As we mark one year since Oct. 7, the worse massacre of Jews since the Holocaust, it might seem that equivalence was the order of the day at the New York Times. And to some extent it was. The newspaper’s feature “The War That Won’t End: How Oct. 7 Sparked a Year of Conflict,” published first thing this morning, works hard to create symmetry on this day of Israeli mourning.
Paragraph one introduces readers to an Israeli who fled his home one year ago, on Oct. 7. Paragraph two introduces a Palestinian who fled his on Oct. 12.
The Israeli death toll from Oct. 7 is immediately followed by the Palestinian death toll for the year.
Photos, too, were neatly paired: One of a body bag with an Israeli killed on Oct. 7 followed immediately by another of a Palestinian killed in December. A photo of the Israeli who fled alongside one of the Palestinian who fled. Benjamin Netanyahu on the left, Hamas arch-terrorist Yahya Sinwar on the right. A funeral in Israel, one in Gaza.
But even this careful balancing act, on the day of a one-sided slaughter, couldn’t undo the newspaper’s familiar skew.
Authors Patrick Kingsley, Ronen Bergman and Bilal Shbair write:
Inside a deeply traumatized Israel, that conflict has magnified long-running social schisms and set off bitter debate about whether to prioritize Hamas’s destruction or a deal to free the hostages. Outside Israel, it has spurred horror at the Israeli military response to Hamas’s atrocities, accusations of genocide and war crimes, and widespread protests in the United States and beyond.

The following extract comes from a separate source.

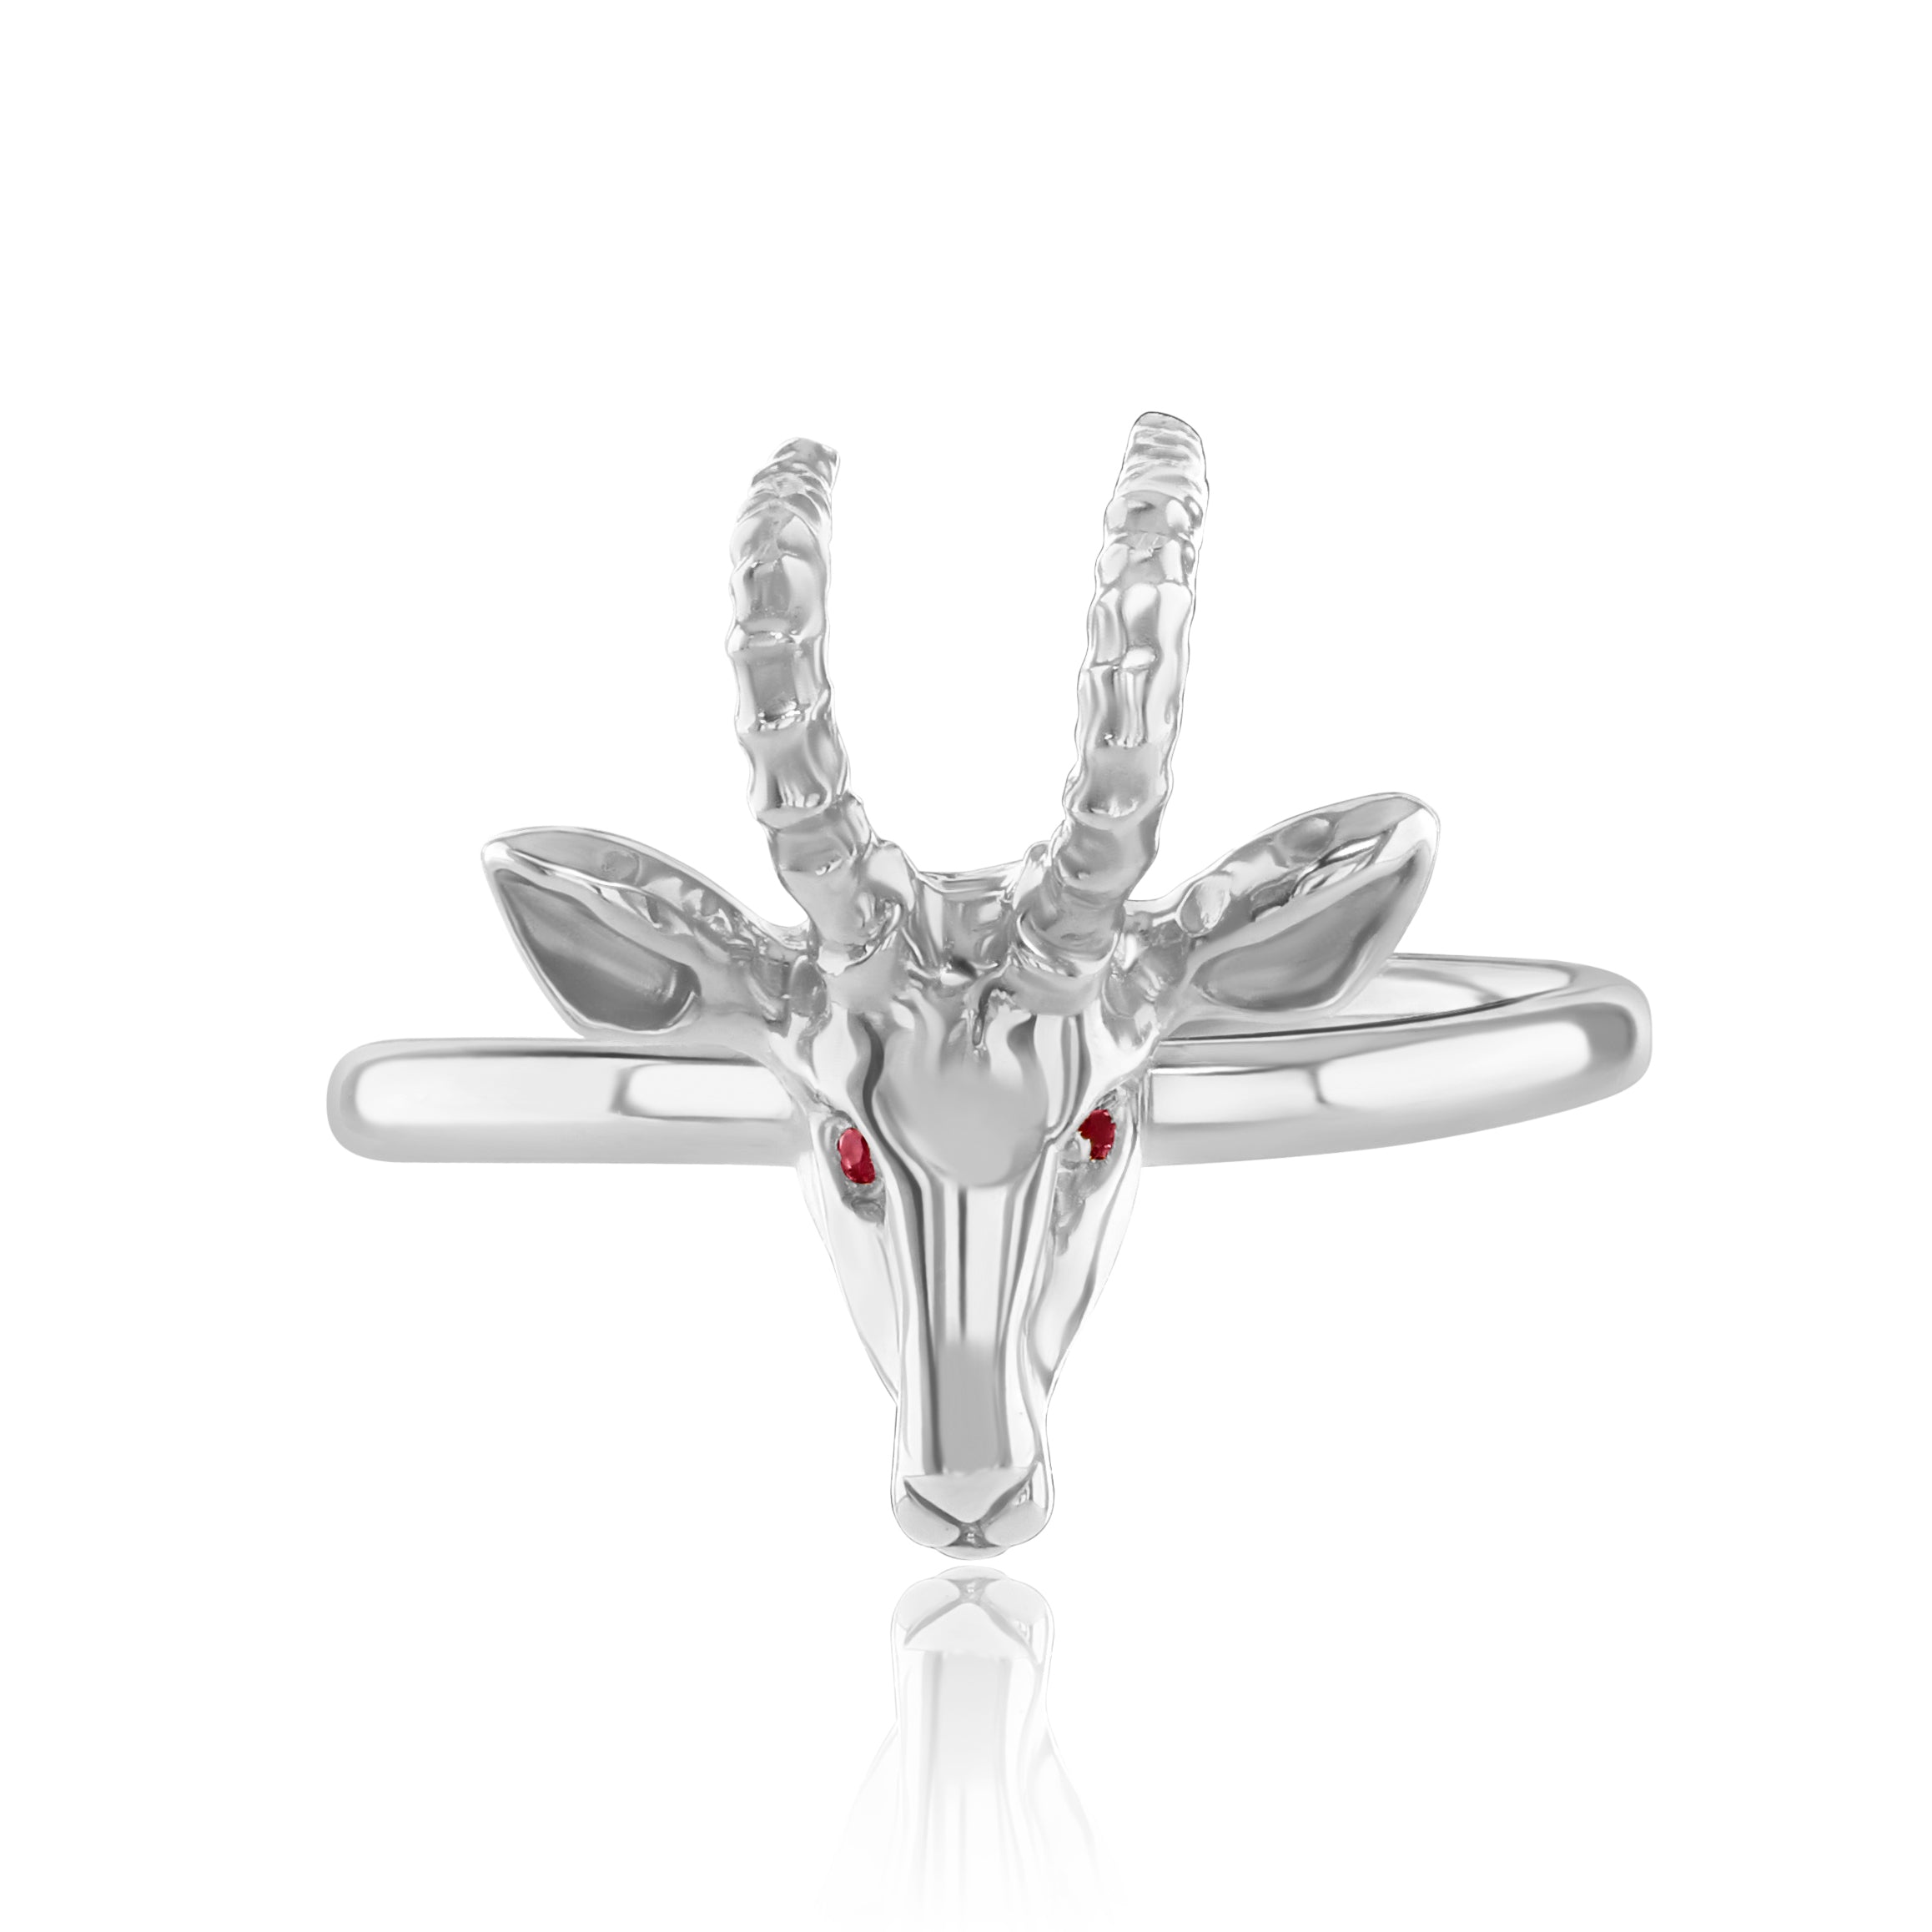 Sterling silver Gazelle ring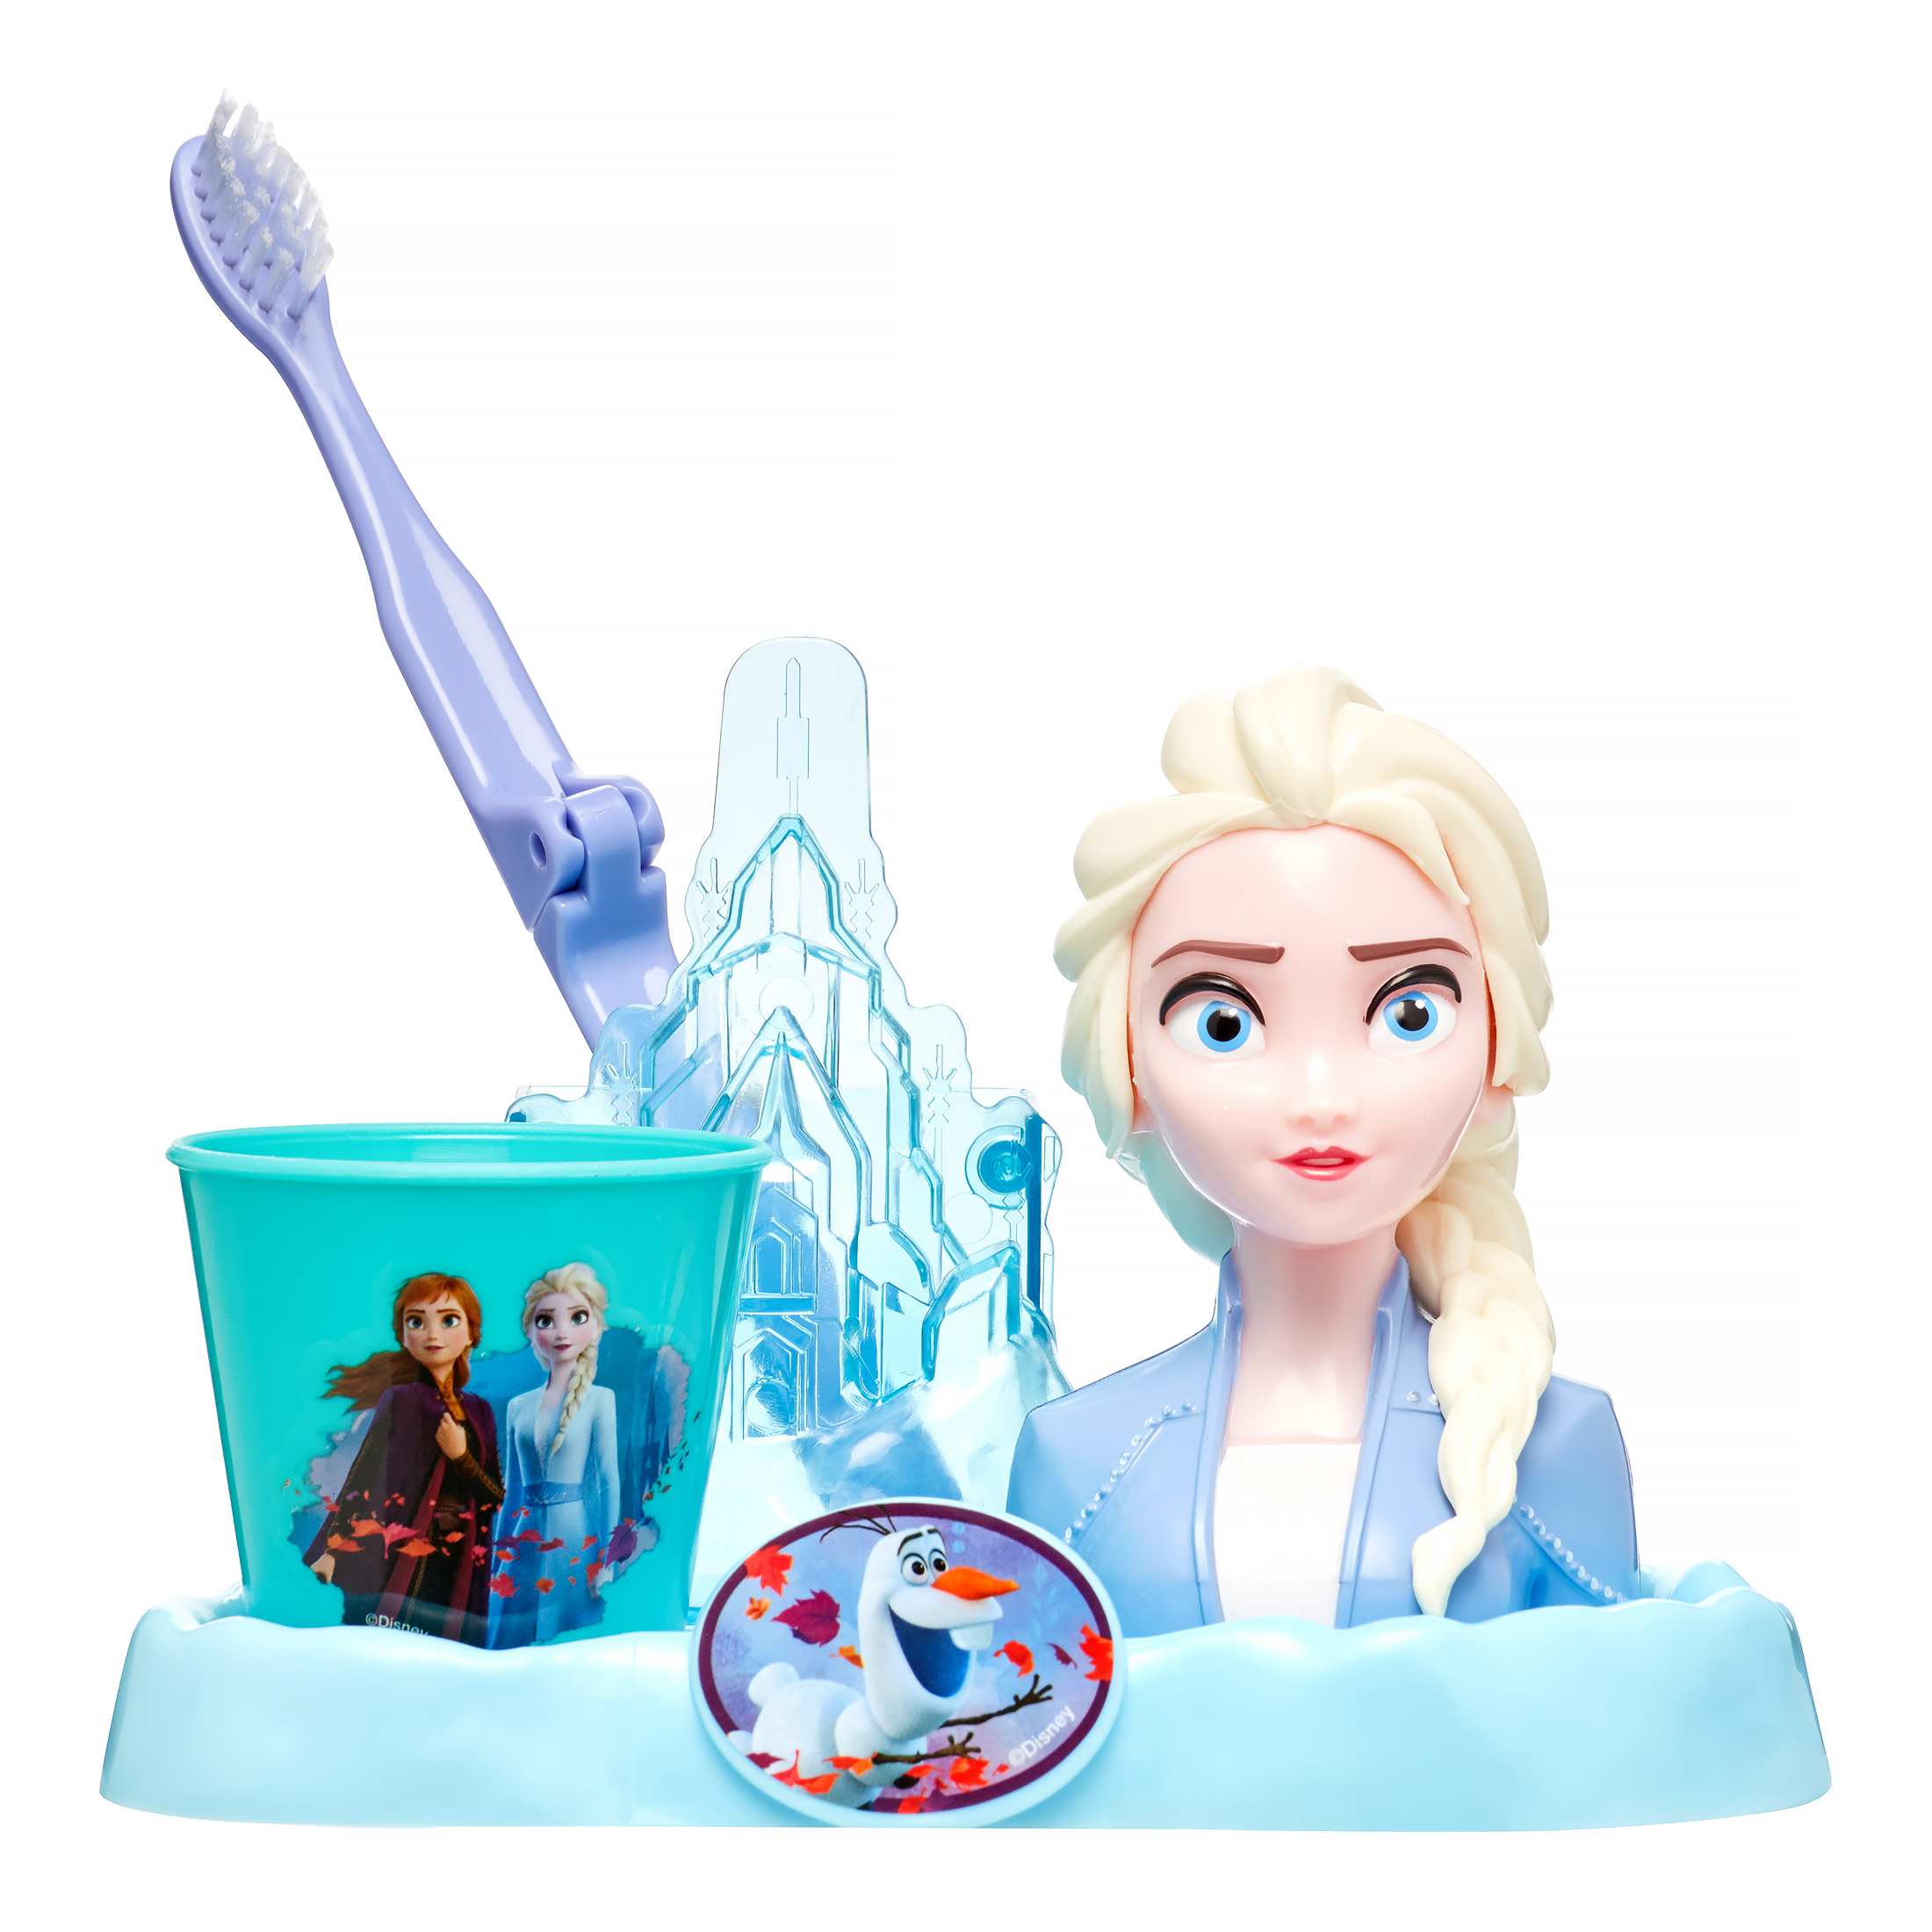 Disney Frozen II 3-Piece Great Smile Elsa Toothbrush and Holder Set - image 3 of 6

The article refers to accusations of genocide — but not those decrying Hamas’s genocidal attack. Anti-Israel accusations are what excite the paper, so much so that it had refused to correct a misrepresentation of an International Court of Justice ruling even after the president of the court publicly called out media coverage that wrongly claimed the court found the genocide accusation plausible.
And so the authors mention the word “genocide” in association with “horror at the Israeli military response,” and link to a piece about charges against Israel levelled by South Africa’s pro-Hamas government.
The @nytimes is aware of its error.
It has not corrected. pic.twitter.com/t4L1m2E9h8
— Gilead Ini (@GileadIni) June 6, 2024
In the context of the paragraph, readers will also understand the reference to “war crimes” as describing Israeli actions, and not those of Hamas. It’s not that the authors lacked opportunity to report how Hamas’s violates international law. There were plenty. The piece mentions Hamas’s hostages, a war crime. It mentions Hamas’s leader hiding alongside hostages, another war crime. It mentions Hamas’s tunneling under homes, schools and UN facilities, a war crime. It mentions the execution of hostages, a war crime. The Oct. 7 attack as a whole was characterized by Hamas’s violations of the laws of war.
Credit to the authors for at least acknowledging these facts. But the same newspaper that at least once per month over the past half year has relayed the view that Israeli settlements violate international law did not describe any of these Hamas actions as war crimes.
Other bad habits recur in the piece. Per the authors:
Both sides appear to have decided that they will not go back to how things were before Oct. 7. Hamas’s leaders have said the prewar dynamic of endless Israeli occupation must be disrupted regardless of the human cost. Israel feels far more vulnerable after the deadliest day in its history and has decided it can no longer tolerate groups dedicated to its destruction on its borders.
Is it endless “occupation” that Hamas leaders are concerned with? No — certainly not in the way that readers and experts understand that word.
In an interview in which he explained that Hamas seeks to repeat the Oct. 7 attacks again and again, Hamas official Ghazi Hamad insisted Israel “has no place on our land,” and that the group “must remove that country.”
And while he later told his interviewer that “The occupation must come to an end,” that hardly vindicates the New York Times’s use of that word, as the continuation of that exchange makes clear:
News anchor: “Occupation where? In the Gaza Strip?”
Hamad: “No, I am talking about all the Palestinian lands.”
News anchor: “Does that mean the annihilation of Israel?”
Hamad: “Yes, of course.”
Of course. And of course, the New York Times went along with the terror group’s word games. We’re talking about the same paper, after all, that had falsely claimed Islamic Jihad was founded “to fight the Israeli occupation,” and falsely claimed that Hamas attacked Israel in a fight “against the Israeli occupation,” and falsely claimed that Hamas means the West Bank when it references “occupation.”